Patients with connective tissue diseases such as Ehlers-Danlos syndrome or fibromuscular dysplasia are more susceptible to spontaneous vascular dissection (8).
Case 15
This 56 year old man presented to hospital with headache,
vomiting and diplopia.
He had an established diagnosis of poorly differentiated metastatic neuroendocrine tumour.
On examination he had right sided Horner’s syndrome,
and impaired adduction of the right eye.
Oculomotor nerve compromise was suspected,
the remaining cranial nerves were intact.
Cross-sectional CT imaging was performed to look for an intracranial aetiology (Fig. 31).
Fig. 31: Contrast enhanced axial CT of the brain reveals a heterogenously enhancing mass within the right cavernous sinus.
Contrast enhanced axial CT of the brain (Fig. 31) reveals a heterogenously enhancing mass within the right cavernous sinus.

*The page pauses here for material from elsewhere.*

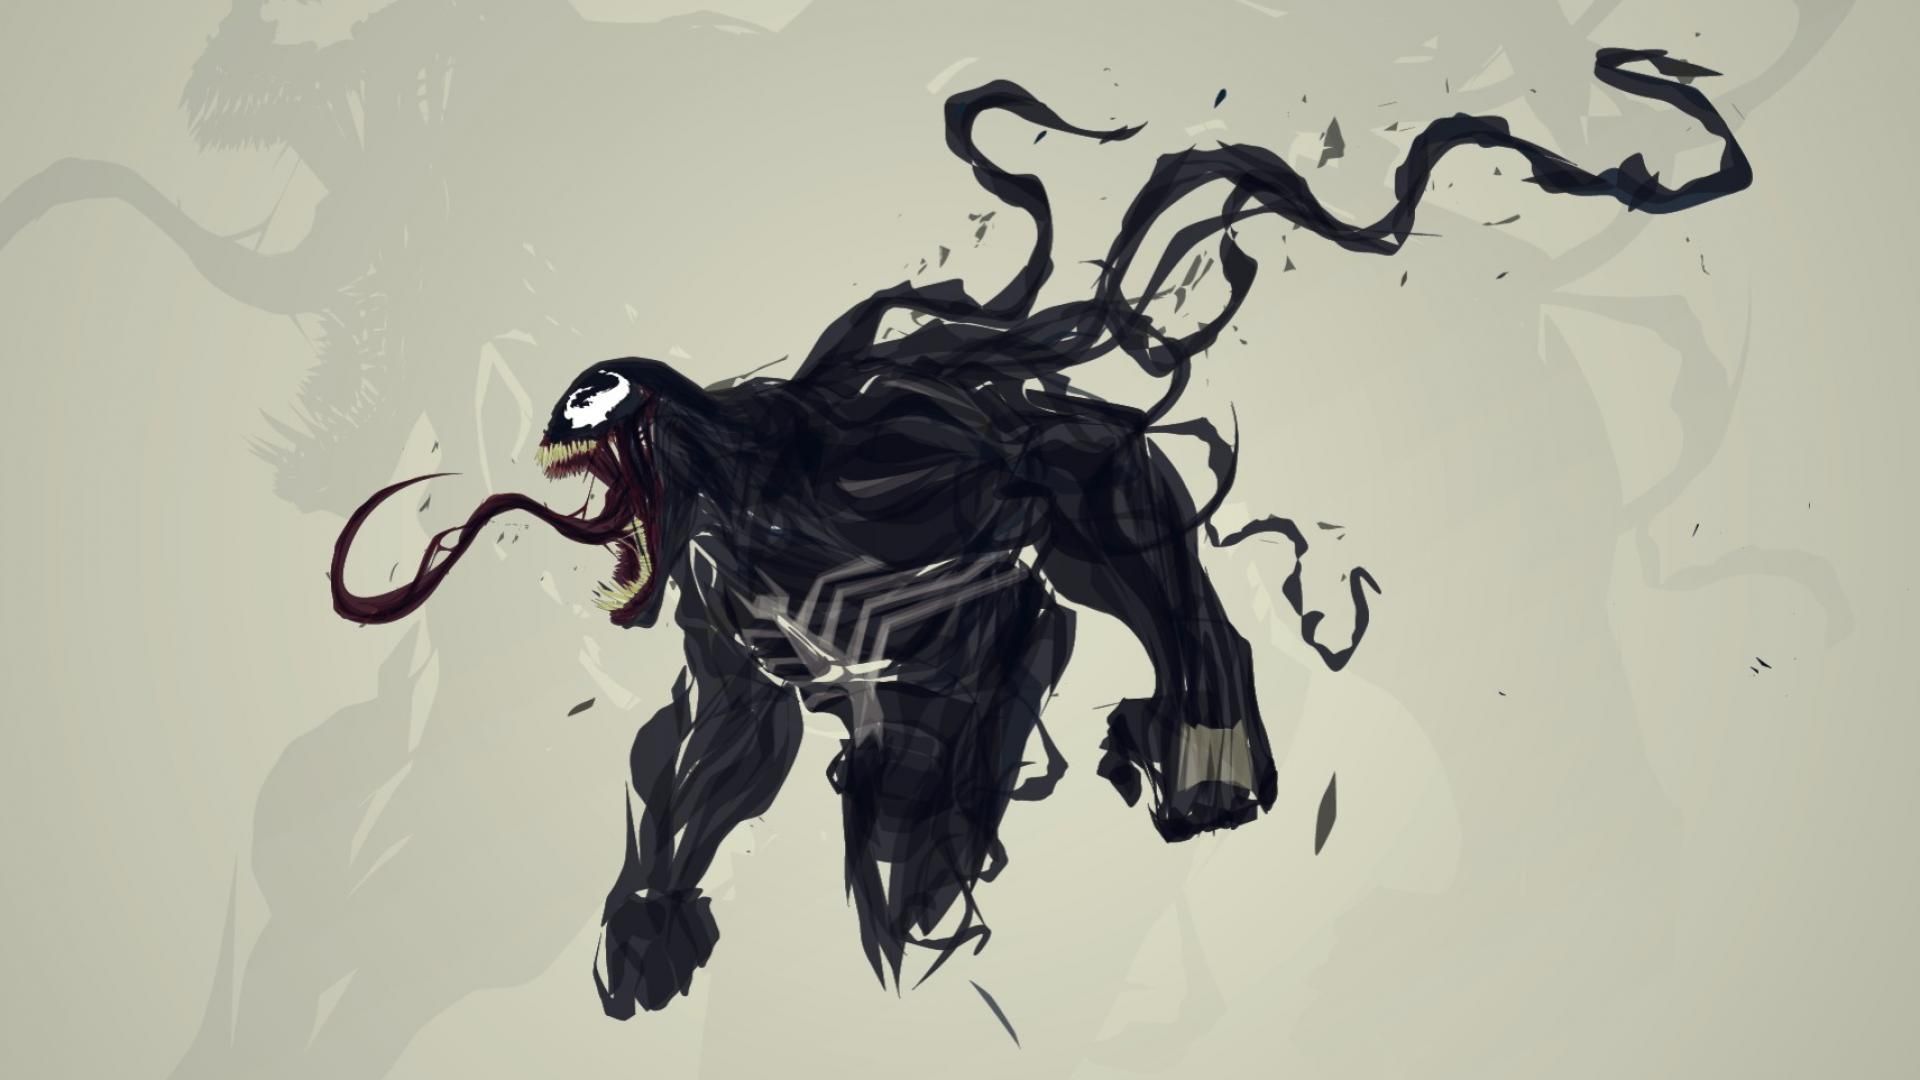 Marvel Venom Wallpaper Free Marvel Venom Background

An MRI of the brain was performed (Fig. 32).
Fig. 32: Coronal post contrast T1W MR at the level of the cavernous sinus clearly demonstrates heterogenously enhancing soft tissue within the right cavernous sinus. The cavernous portion of the internal carotid artery is encased although not occluded by tumour. This is a deposit from the metastatic neuroendocrine tumour.
Patients with Horner's syndrome associated with impairment of cranial nerves III,
IV,
V and VI suggest the cavernous sinus or superior orbital fissure as the site of pathology.
This patient experienced Horner's syndrome associated with impairment of the oculomotor cranial nerve.
The soft tissue disrupting the oculosympathetic pathway within the cavernous sinus was a metastatic deposit from the neuroendocrine tumour.